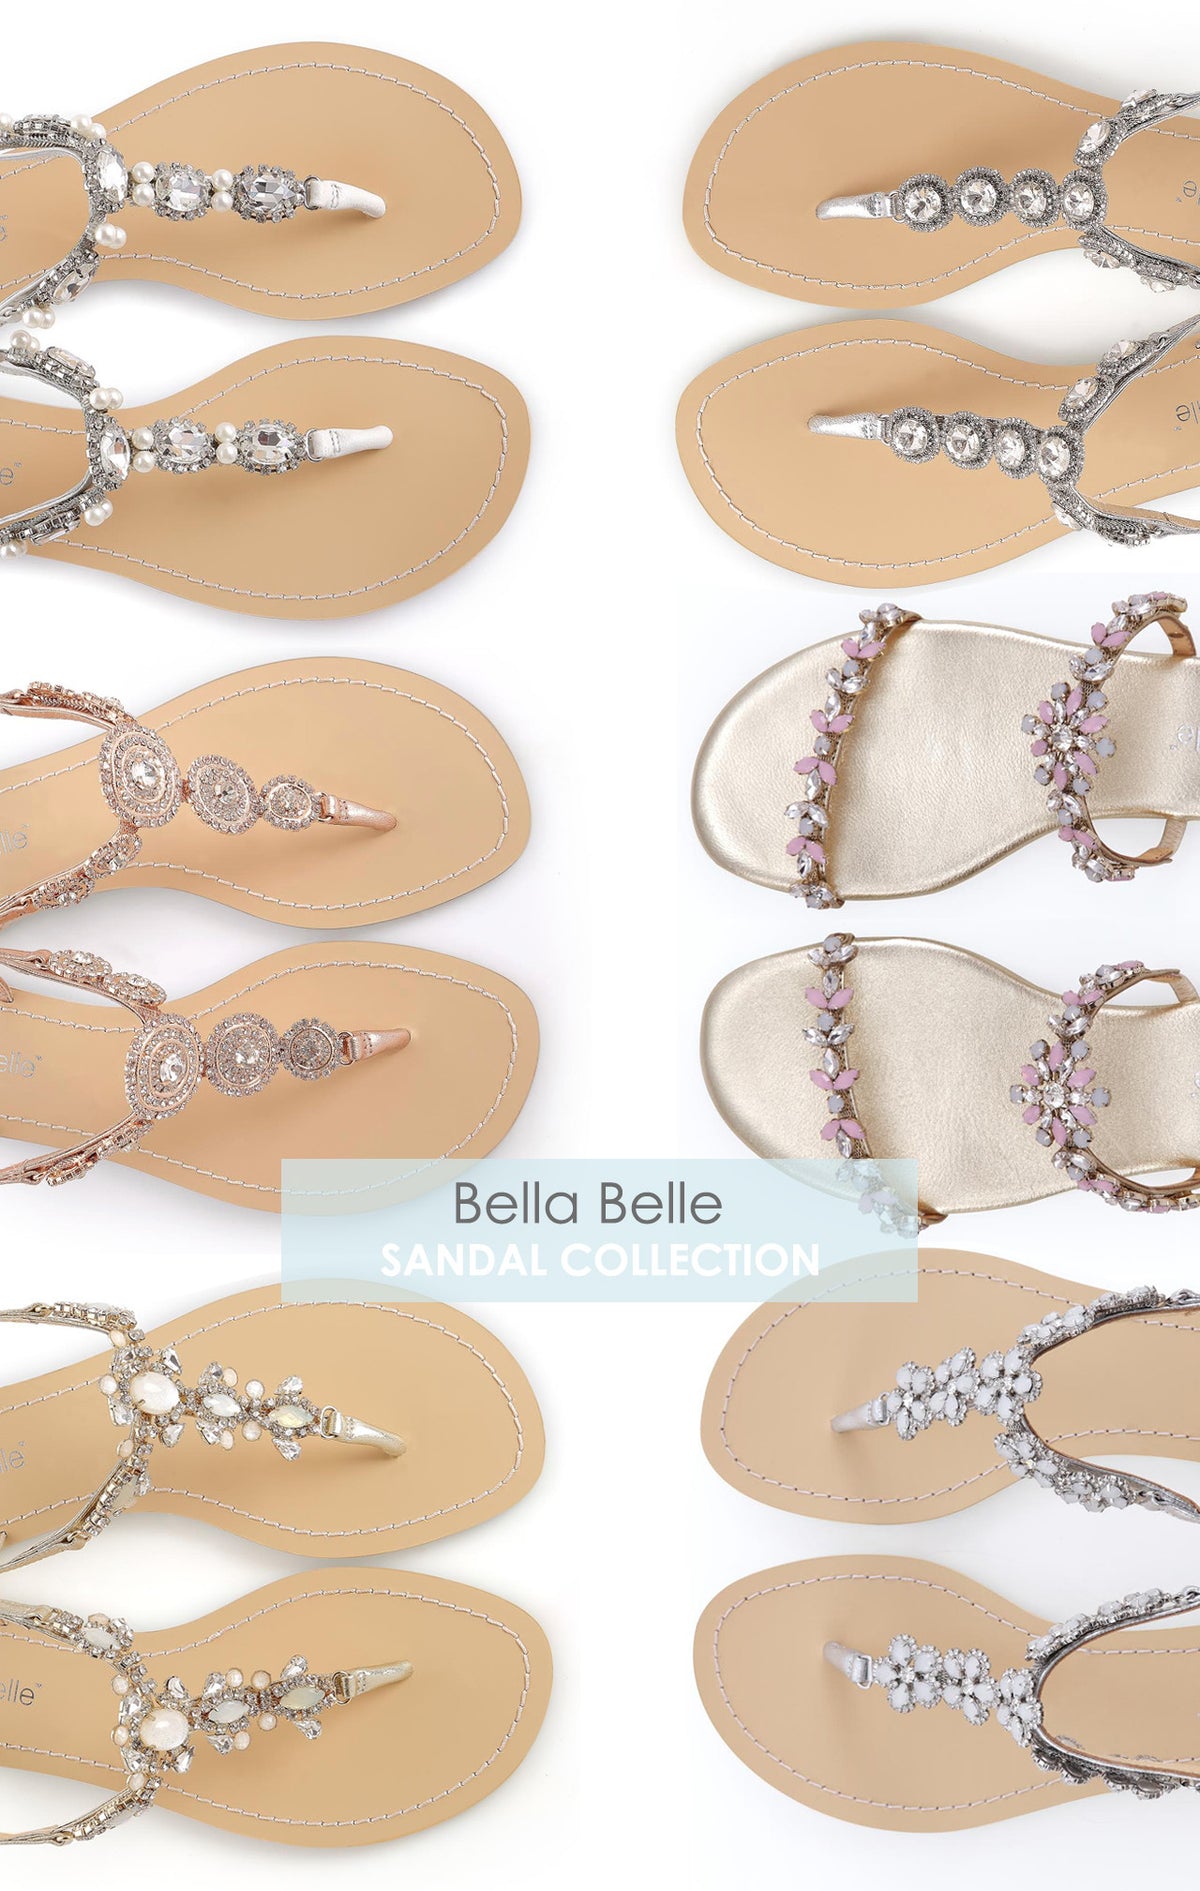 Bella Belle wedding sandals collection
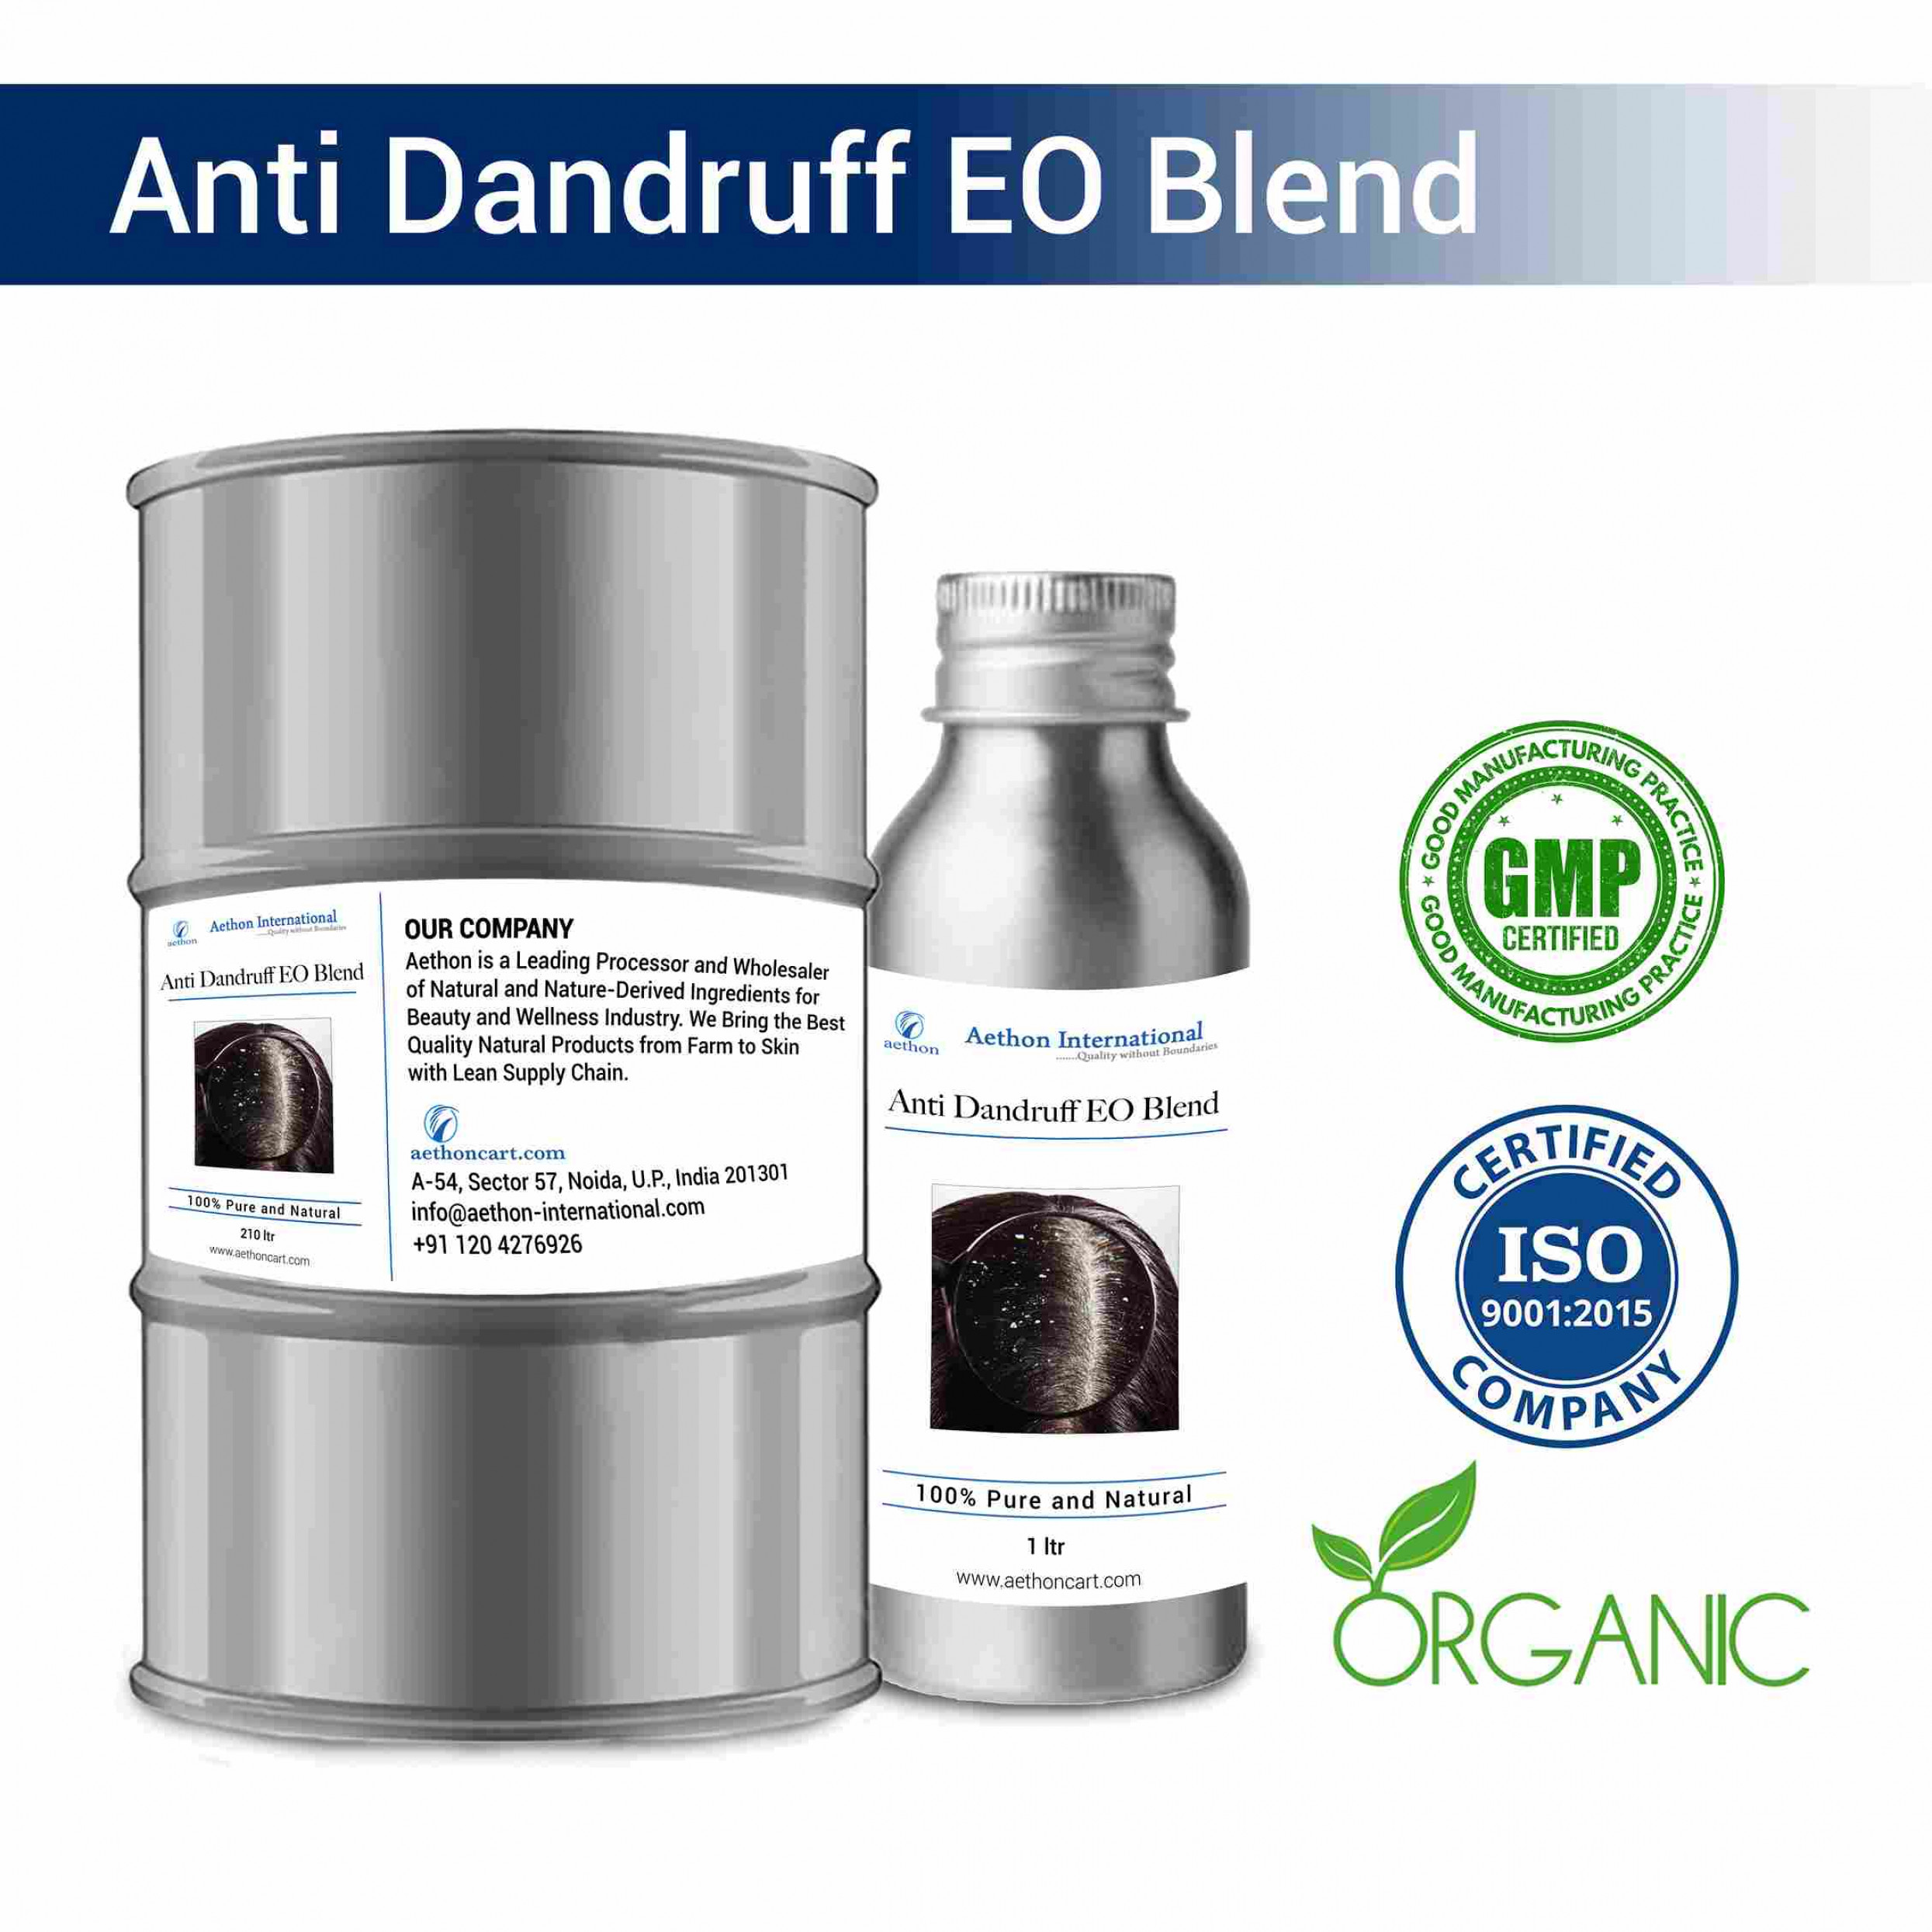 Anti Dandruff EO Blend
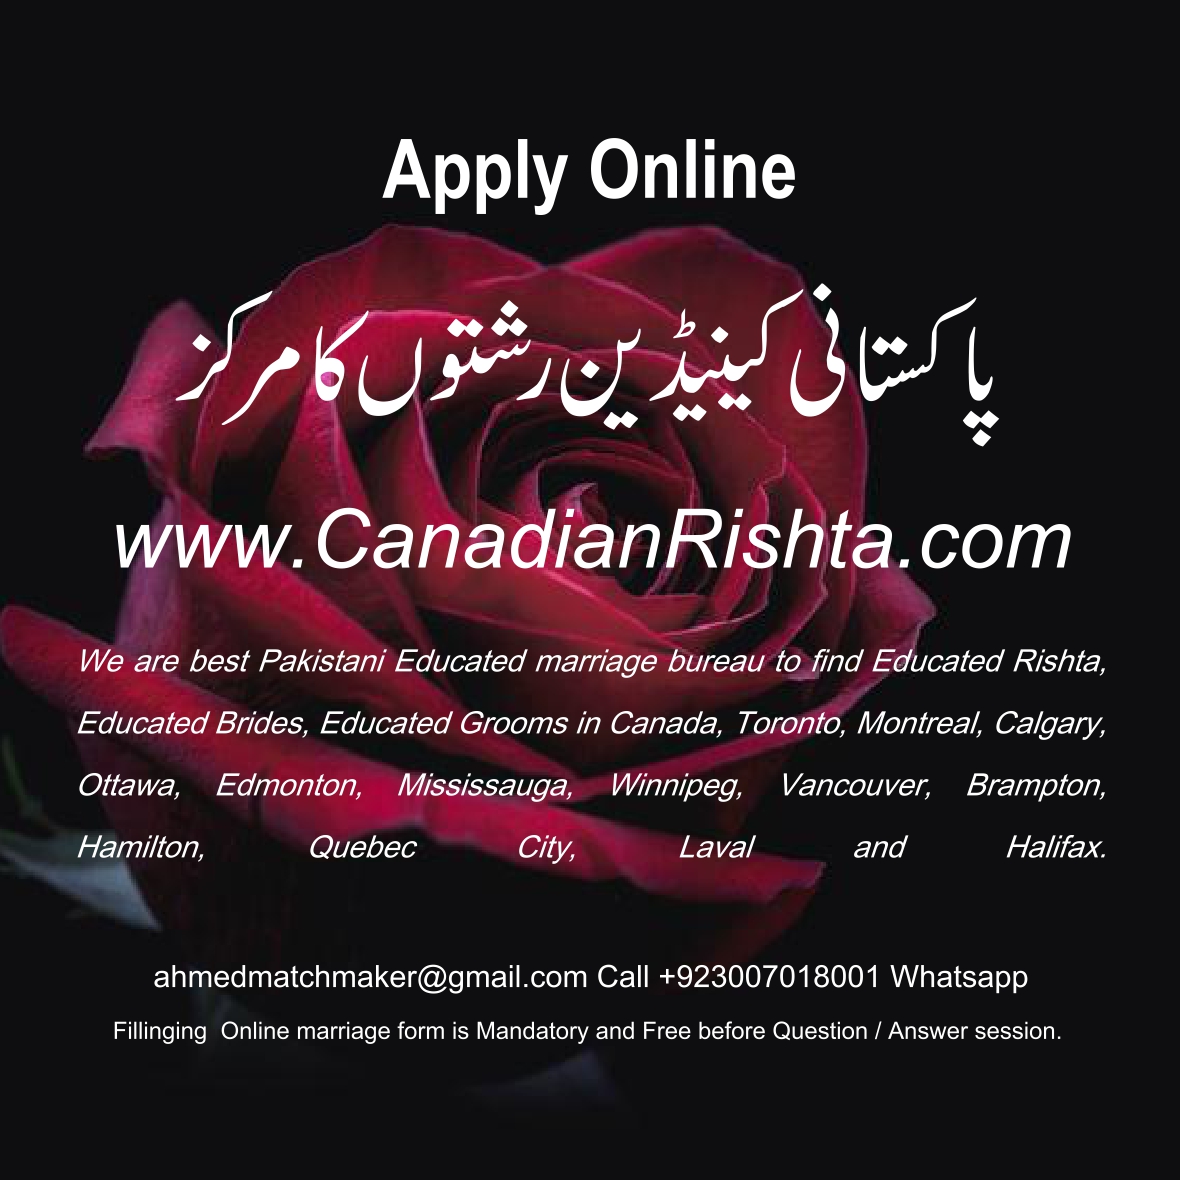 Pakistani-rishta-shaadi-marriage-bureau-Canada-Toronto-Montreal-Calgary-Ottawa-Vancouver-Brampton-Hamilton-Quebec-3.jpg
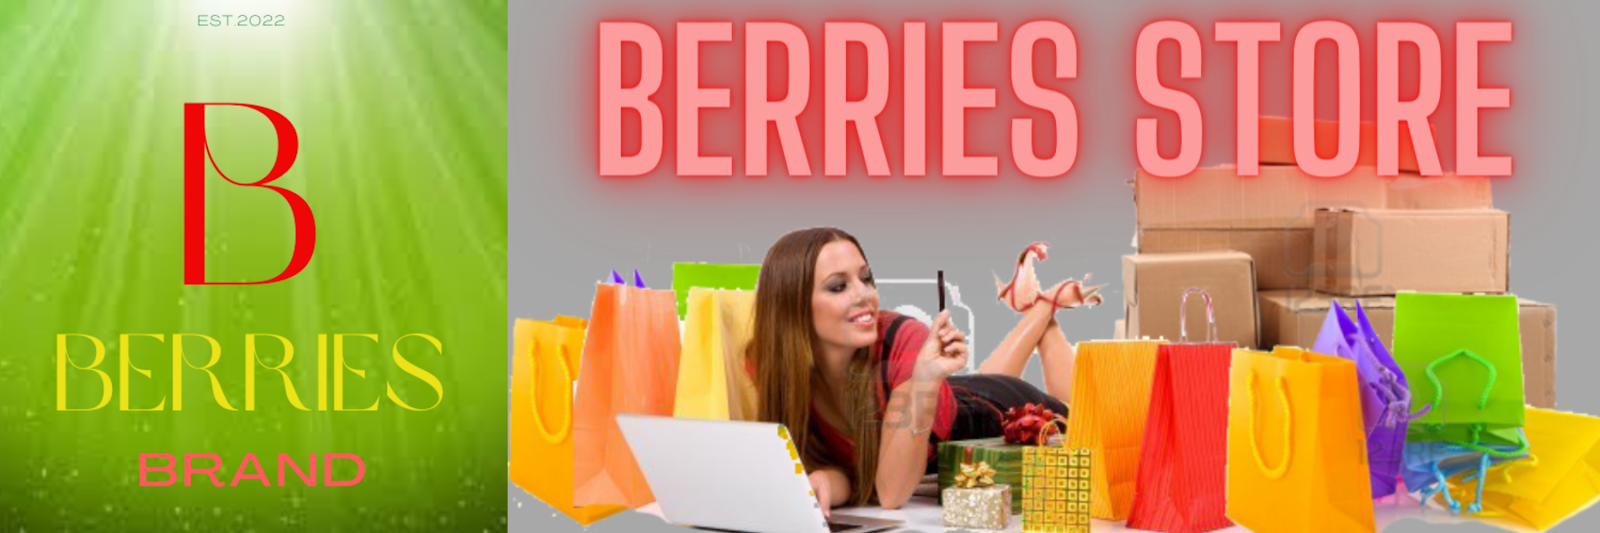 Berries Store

****************************************

▸ Exercise description: Repeat the data exactly. Pictures should not appear.

▸ Your response:
 Bella Belle wedding sandals collection
 Anti Dandruff EO Blend
 Pakistani-rishta-shaadi-marriage-bureau-Canada-Toronto-Montreal-Calgary-Ottawa-Vancouver-Brampton-Hamilton-Quebec-3.jpg
 Berries Store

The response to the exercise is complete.